The Joker announces he will kidnap someone, blindfold them, and roll a die to determine their fate. If the die lands on six1, he will kill them, and his scheme will be complete. If it lands on any other number, he will let this person go, and then kidnap ten people. He will again roll a single die, and if it lands on six he will kill these ten people, and then stop. But if it lands on any other number, he will release these ten people and then go out and kidnap one hundred people.
You see the general pattern here. Each round he kidnaps ten times as many people as the previous round, with the game being brought to an end when he rolls a 6 and kills the people in that round.
But the Joker adds a twist. He announces that each kidnap victim will also be given a button they can press. With a 50% probability the button will kill the person pressing it. But if it does not kill them they will be released, and will avoid being killed should the die land on a 6 in this round.
You wake up blindfolded. You cannot see how many other people have been kidnapped along with you, so you do not know which round you are in.2 Should3 you press the button?
Argument against pressing the button: Whichever round you are in, your probability of dying if you do not press the button is 1/6, because that is probability of the dice landing on a 6. This is smaller than 50%, the probability of death from pressing the button. Clearly you are more likely to survive if you do not press it.
Argument for pressing the button: The round that gets killed based on the dice roll is the last round the Joker kidnaps. Since each round is ten times larger than the previous one, over 90% of the kidnapped people will be in the last round. When you wake up blindfolded you know that you are a kidnap victim, and you are equally likely to be any of the kidnap victims. So you have a 90% chance of being in the final round, and dying based on the roll of the die.
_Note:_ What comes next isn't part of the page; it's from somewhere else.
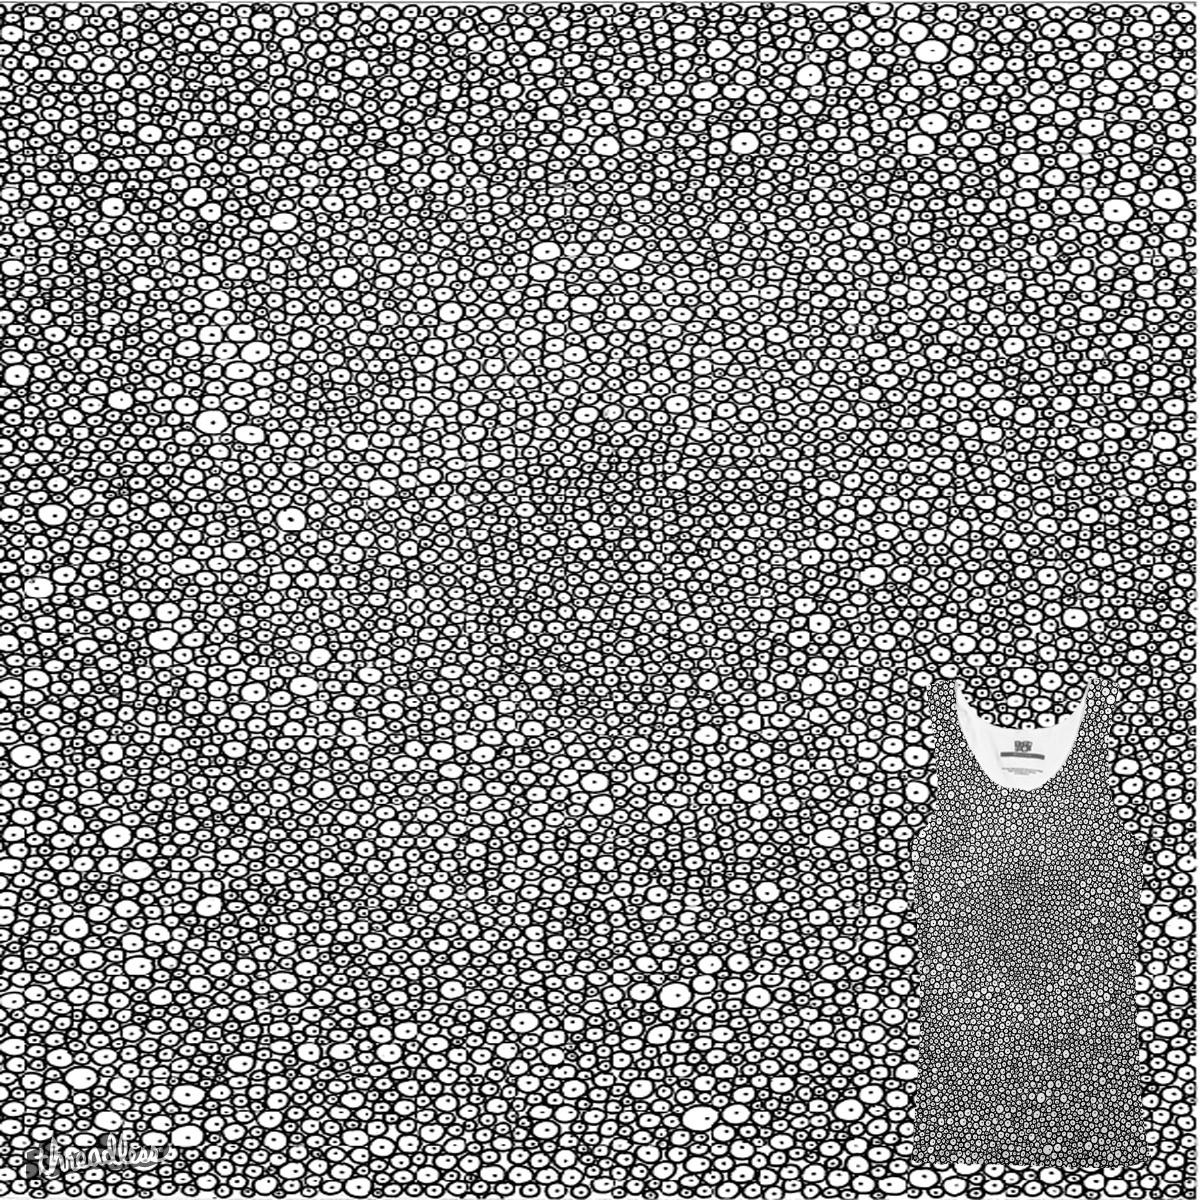 Cells by SanamDehghan on Threadless

Clearly you are more likely to survive if you do press the button. (Or put another way: If no-one presses their button, over 90% of the kidnap-victims will be killed. But if everyone presses their button, approximately half of them will be killed.)
At the end of the next section I’m going to give the answer, so if you prefer to stop and puzzle over this for a little bit first, this is the place to do so.
First Thoughts
I asked this question to a handful of friends, none of whom had heard of it before. Most of them believed the first argument (the one against pressing the button), and I suspect that’s because the reasoning is simpler.
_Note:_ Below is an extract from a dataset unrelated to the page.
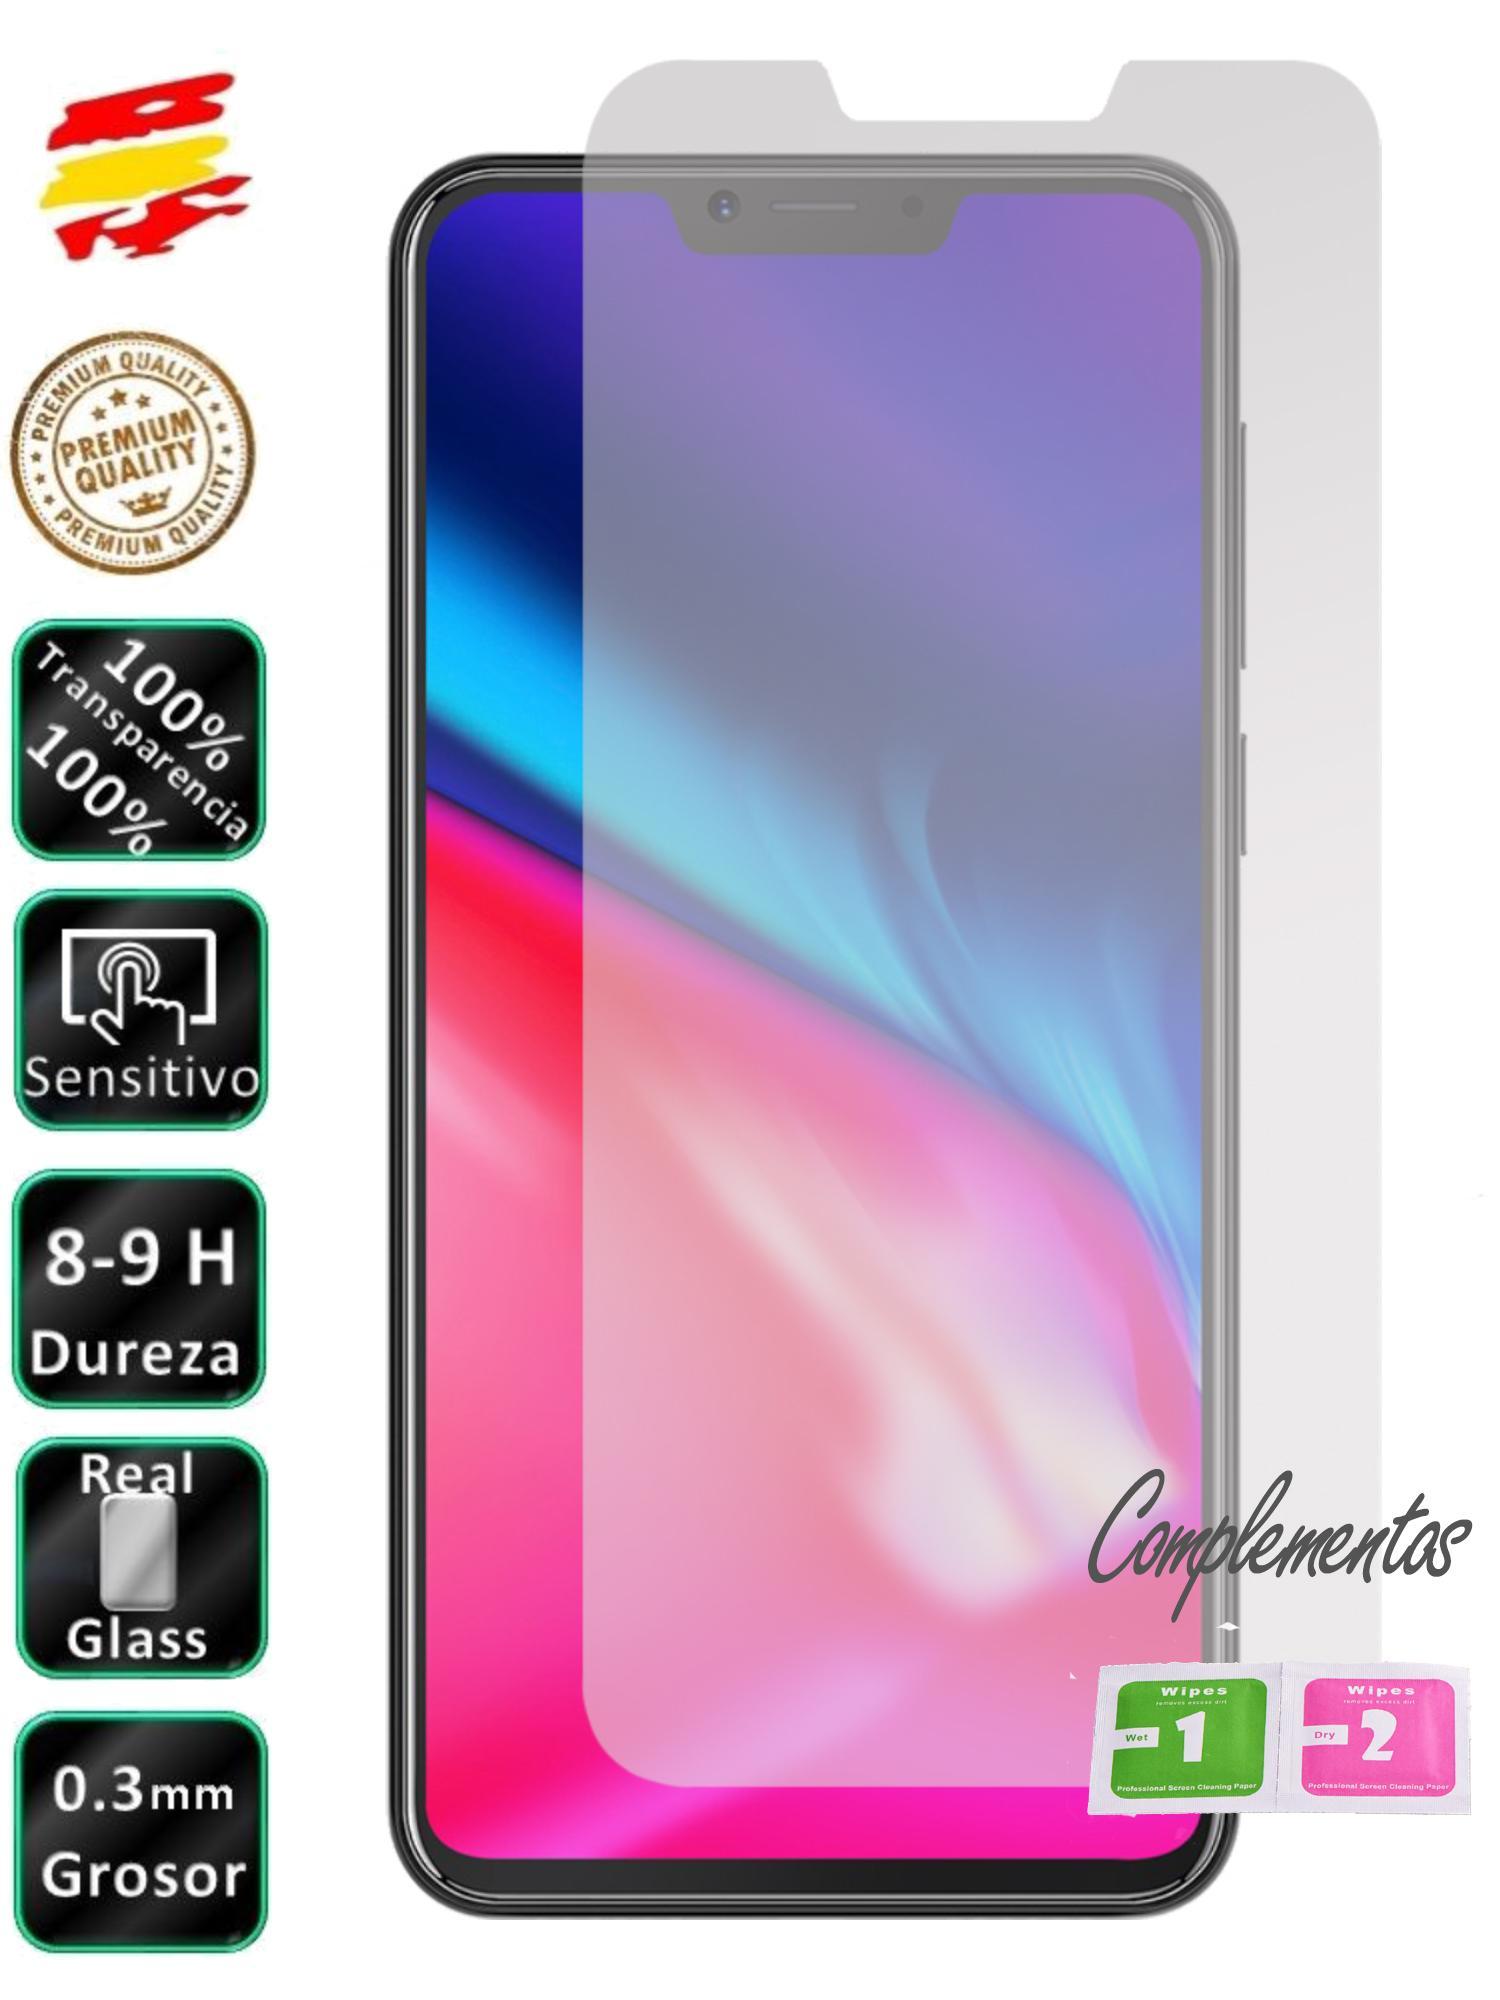 Protector For Huawei P8/P9/P10/P20/P30/LITE/PRO/SMART Tempered Glass De Vidrio Screen 9H Java

This isn’t a bad reason to prefer it! We are presented with two contradictory claims. One employs complex reasoning, and the other much simpler reasoning. You should look for flaws in both those chains of reasoning. But if you’re unable to find any flaws, then it’s more likely that one is hiding in the complex chain of reasoning than the simple one.
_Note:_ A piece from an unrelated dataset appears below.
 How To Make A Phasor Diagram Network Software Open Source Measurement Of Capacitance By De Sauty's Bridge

Two questions often arose:
- Can you be re-kidnapped after surviving an earlier round?
- What happens if the Joker runs out of people?
I’m going to assume that you cannot be re-kidnapped. If you allow being re-kidnapped, you have some probability that you wake up blindfolded thinking “Aww, hell! Not this again…”, and that’s a different situation where you have more information that simply “I have been kidnapped”.
If the Joker runs through the entire population without rolling a 64 then I’m assuming the game is done. This fits nicely with the “no re-kidnappings” rule, because the game cannot continue at this point without some re-kidnappings.
As it turns out, the fact that the population is finite will turn out to be crucial for resolving this paradox. The author of Rising Entropy seems to be aware from this post that an infinite population causes problems with deciding who to kidnap, but presses on regardless. Scott Aaronson’s lecture notes indicate he got a question about whether the population is infinite, but his reply indicates that he believes that the finite population version of this game is very similar. I think that most people believe that the finite-population versions can be turned into an infinite-population version by considering a very large population, since the probability of running out of people becomes extremely small for a large enough population. We’ll see that this is not actually the probability that we need to become small, and so these two cases really are different.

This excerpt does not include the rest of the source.